> RECORDS PROVIDED
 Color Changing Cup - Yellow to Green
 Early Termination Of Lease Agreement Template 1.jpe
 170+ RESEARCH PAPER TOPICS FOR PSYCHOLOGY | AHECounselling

---

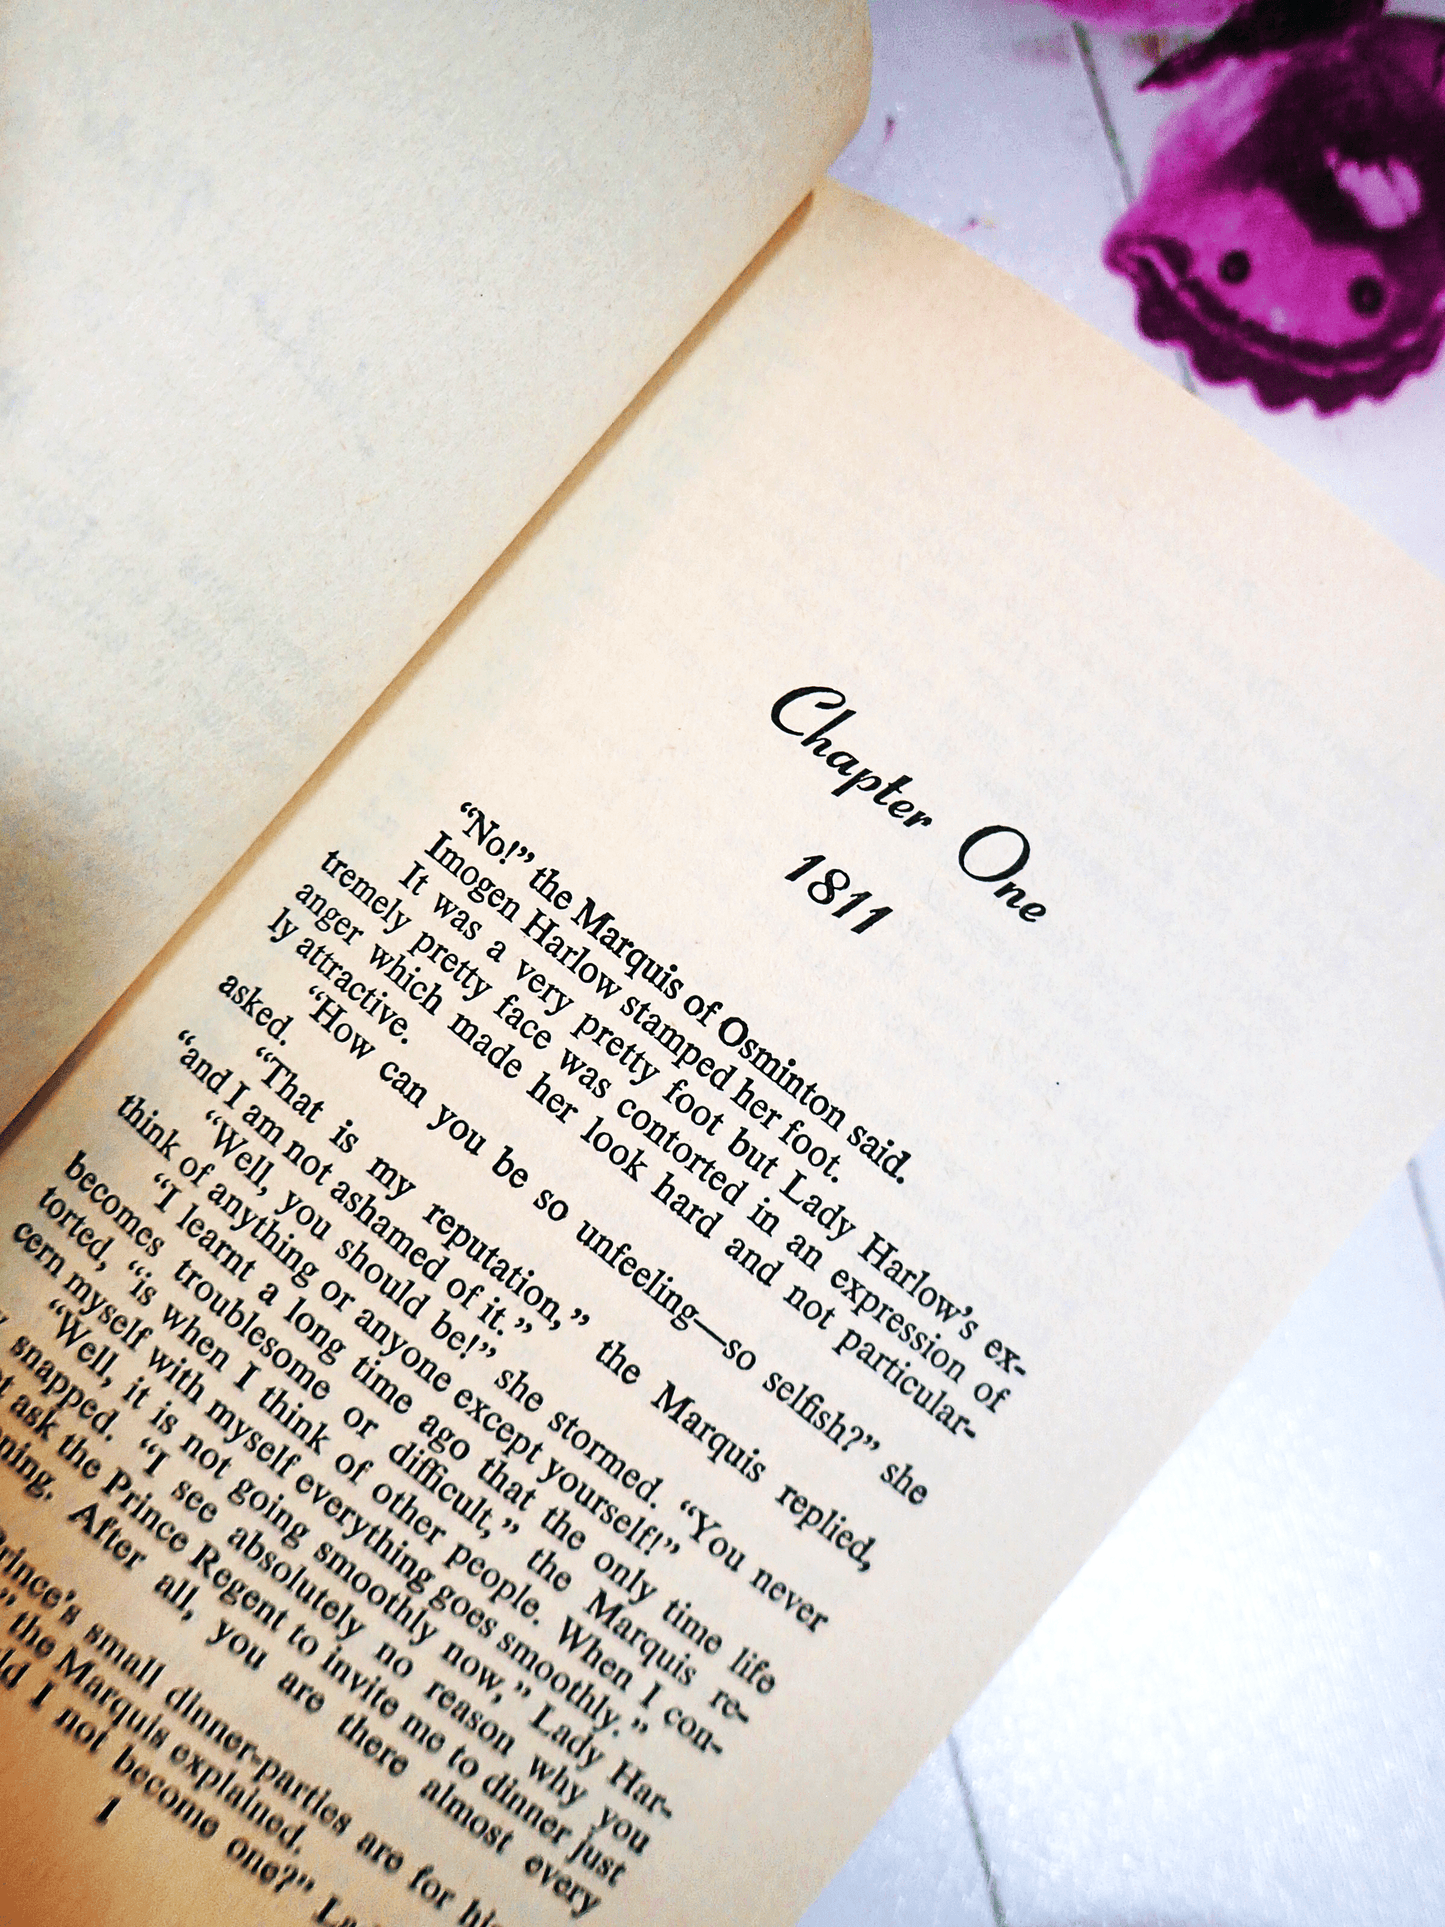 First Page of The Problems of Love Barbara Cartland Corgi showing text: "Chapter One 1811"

> TASK PROMPT
Look through the material above and print exactly the lines from the one containing "Color Changing Cup - Yellow to Green" to the one containing "170+ RESEARCH PAPER", both included, and nothing more.

> WRITTEN RESPONSE
 Color Changing Cup - Yellow to Green
 Early Termination Of Lease Agreement Template 1.jpe
 170+ RESEARCH PAPER TOPICS FOR PSYCHOLOGY | AHECounselling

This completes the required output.